Physician bandwidth is a big issue. Busy clinic days make it difficult to screen charts and walk every potentially eligible patient through a thoughtful consent discussion. Without embedded screening tools or dedicated research extenders, opportunities get missed.
The regulatory and data load continues to grow. eCRFs, deviation tracking, SAE reporting, monitoring queries, audits. It’s all necessary for safety and rigor, but it adds operational weight that smaller programs feel disproportionately.
Automated trial matching and AI-assisted screening should be helping identify eligible patients in real time, but adoption has been slow.
awareness remains a barrier. Patients often don’t know trials are available locally. Referring physicians may not know what’s open.
I can keep them coming but I thought I would hit the highlights.
This is excellent Daniel. Do you have potential solutions to any of these, even in a highly idealized state?
Congratulations! There's been really interesting work in Europe for the last decade in clinical trial design because we've been so cost constrained. It's seemed to me to be incredibly interesting
Will be interested in following progress on this critical (but often overlooked topic). I have worked closely with those in clinical operations at a mid-size Biopharmaceutical company
Congrats. How will you determine the key limitations to address? I think several are in race conditions, meaning some problems have to be solved simultaneously to make a net difference. Three-way disintermediation among patient, physician and sponsor, with patient in the drivers seat and owning their own records, is pretty high on my list. As long as the process to determine the targets of intervention is solid, I am sure the outcome will be valuable!
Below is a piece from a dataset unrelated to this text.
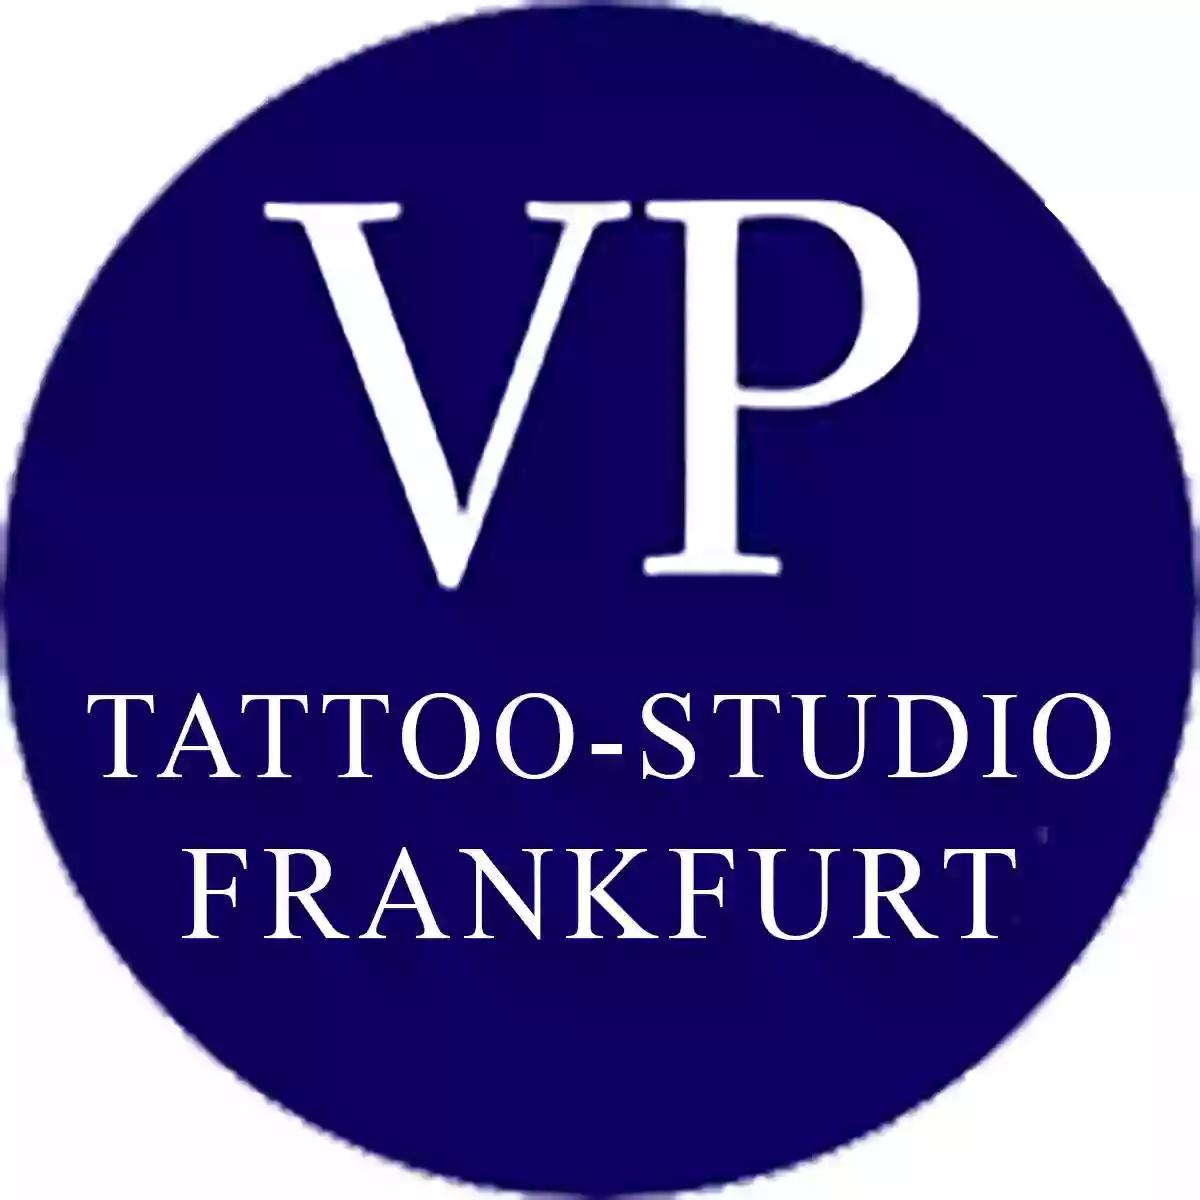 Tattoo Studio Frankfurt - The Factory
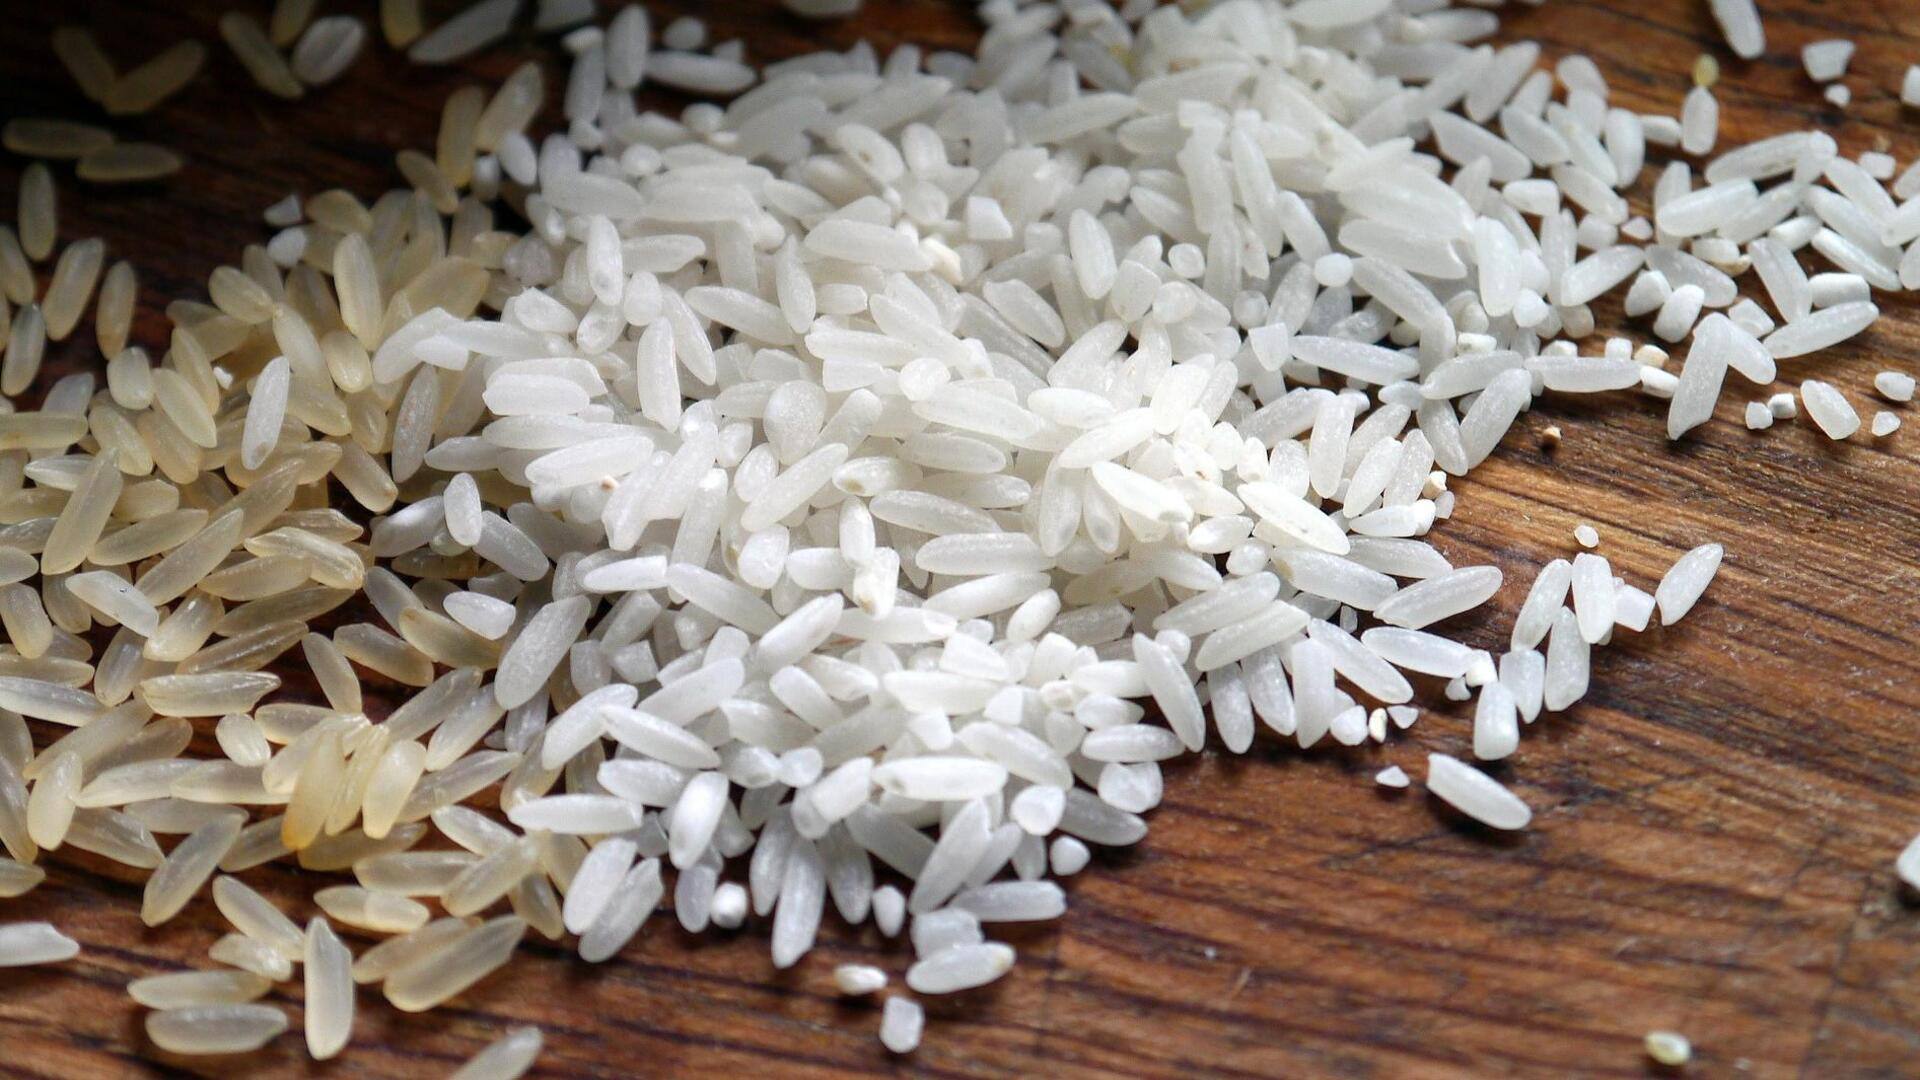 भारत ने गैर-बासमती चावल के निर्यात पर लगाई रोक, जानिए क्या है कारण

Thanks! Agree that many trial cost drivers are interdependent, and I'm aiming to identify a package of reforms that can address cost/time in trials comprehensively. Also agree that patient-mediated data + consent is an important reform to explore. There's been lots of rhetoric, initiatives, and even APIs built, but I don't think it has tangibly shifted how research is done yet.
Couldn’t agree more. How do you intend to define the dependency graph for identifying the reforms? I have some work on this that might be shareable, checking now
Looking forward to your findings! Congrats on the grant
Adam, this is incredible. Congrats!!